= Edouard Hesselberg =

Russian composer

Edouard Gregory Hesselberg (3 May 1870 – 12 June 1935) was a Russian-American pianist, composer, and professor of music. He was the father of actor Melvyn Douglas.

==Early life and family==
Hesselberg was born in Riga, Russian Empire (now Latvia), to a Jewish family, the son of Sarah Davidova from Ventspils and merchant Hessel (Heinrich) Hesselberg from Riga.

He learned to play piano in Königsberg. When he was three years old, the family moved to Oryol, Russia, where he studied at a classical gymnasium (1878–1886).

Hesselberg did some of his training at the Moscow Philharmonic Society. He also studied with Anton Rubinstein. Hesselberg lived in France and Germany before he moved to the USA in 1892. His parents and two of his three sisters also emigrated in 1908 and two years later settled in Missouri, where his sister Dr. Cora (Kora) Hesselberg became a pathologist and his sister Rhetia (Rezia/Rizia) Hesselberg, a violinist, became a noted music teacher. He had a third sister who remained in Russia, Ella Davidova.

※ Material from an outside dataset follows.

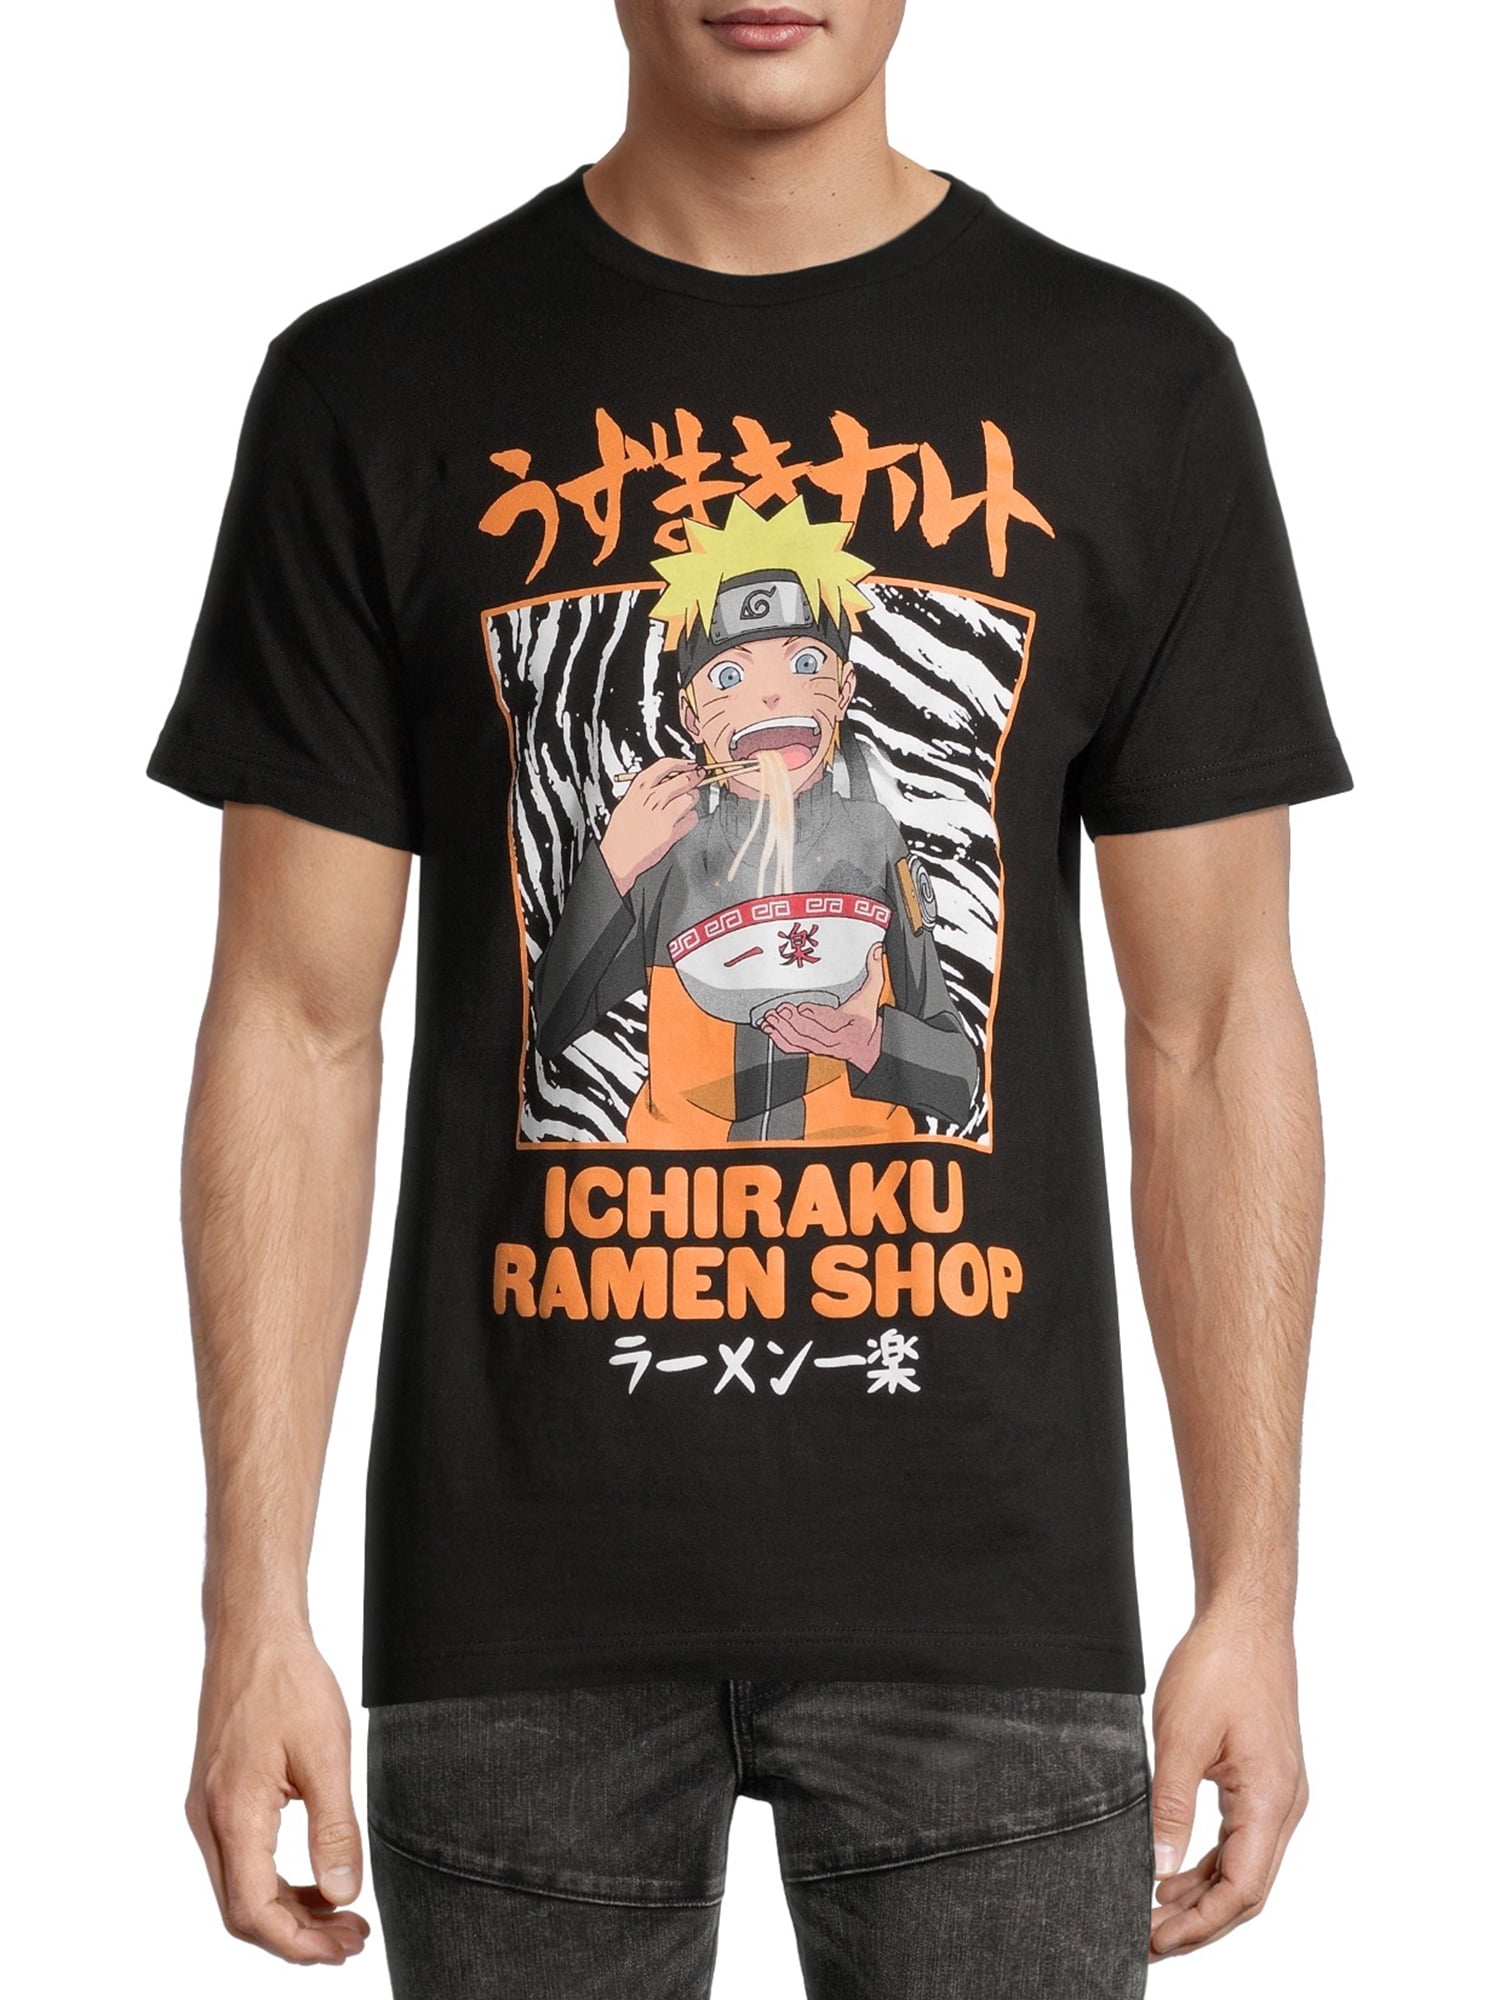 Naruto Shippuden Men's and Big Ramen Shop Graphic T-Shirt Walmart.com

In 1898, Hesselberg married Lena Shackelford, daughter of Col. George Taliaferro Shackelford, the Union Governor of Kentucky during the Civil War. He was the father of actors Melvyn Douglas and George Douglas and the great-grandfather of Illeana Douglas.

==Career==

Hesselberg composed more than 100 piano pieces and songs during his career. He also wrote A review of music in Canada for a 1913 addition to a set of volumes called, Modern Music and Musicians (New York/Toronto; 1912). With his wife he wrote educational songs for children, published in the books Juvenile Gems and Echoes From Fairyland.

As a professor, Hesselberg was chair of the music departments at Denver, Wesleyan College (1900–5), Ward–Belmont College (1905–12), Toronto University (1912–17), and then Cornell.

He died in 1935, aged 65, at Cedars of Lebanon Hospital in Los Angeles, California, following an operation. He was buried in Missouri.